Note: As a People Manager, it’s obviously important to document these conversations along the way to ensure that you are able to demonstrate risk management and fair treatment if needed in future.
Next Steps
If you’re accountable or responsible for the performance of others, it’s a good time to think about team members that might be showing early signs of the kinds of cycling described above. Try deploying coaching questions early and often to give yourself a better signal to reinforce / refute your instincts so you can take action in a timely fashion.
Lastly, if you’d like more support on this topic, we’re happy to provide coaching. Please book a coaching intro call to see if it makes sense for your situation.
I found this to be a very interesting article, thank you for sharing!
I was, however, left with the question - What should we do when we detect them early on? Does the article imply that with the coaching questions, we will be able to support them early on so the performance does not become cyclic but constant? Or does the article suggest we should identify them early and not spend time on trying to help them perform better?
What I'm thinking is it's great to enable the person with better tools/coaching but also consider what they do with it.
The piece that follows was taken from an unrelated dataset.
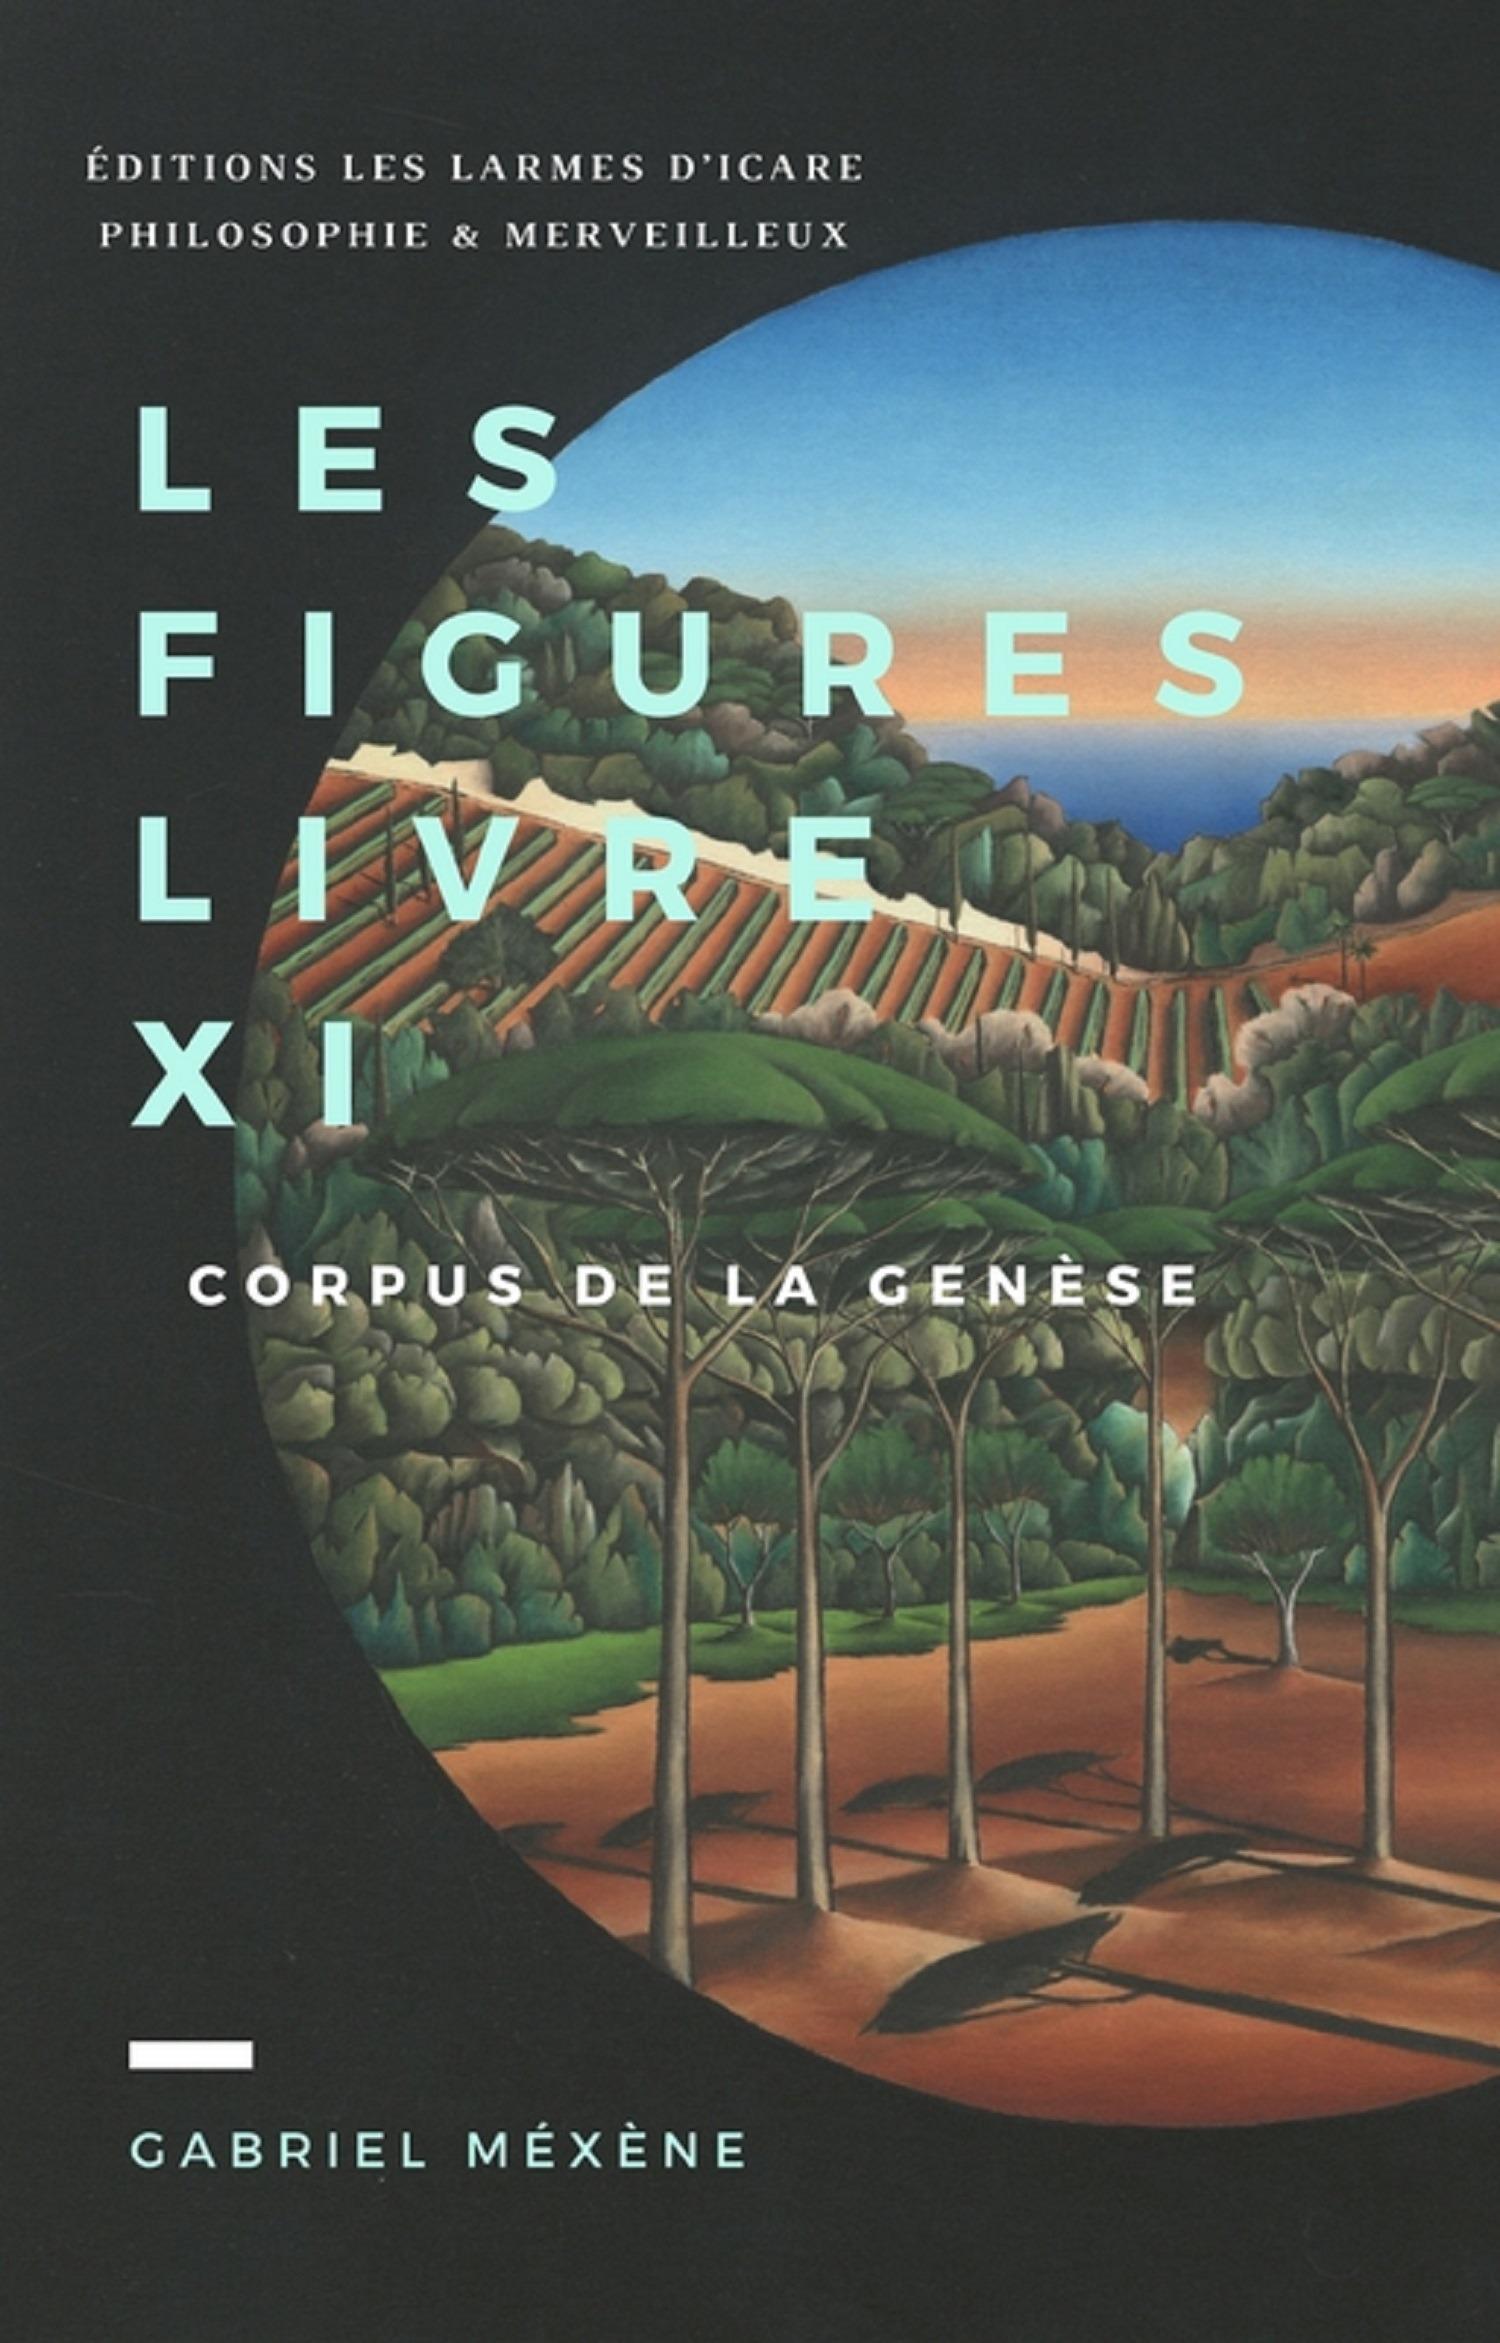 Gabriel Mexene Les Figures ; corpus de la Genèse livre XI

And if that doesn't work out, guiding them in the right direction which might be outside of the organisation or simply stepping into another more fitting role...
But then, if we say that the person could improve and achieve a more consistent high performance in line with expectations based on the guidance of their manager, then isn't this suggesting that the responsibility for that person's performance is in the hands of the manager? So then, to have high performing mid-level managers, we need to have well developed higher-level managers who can support them in the right way. I think ultimately, it's the skill of the leader(s).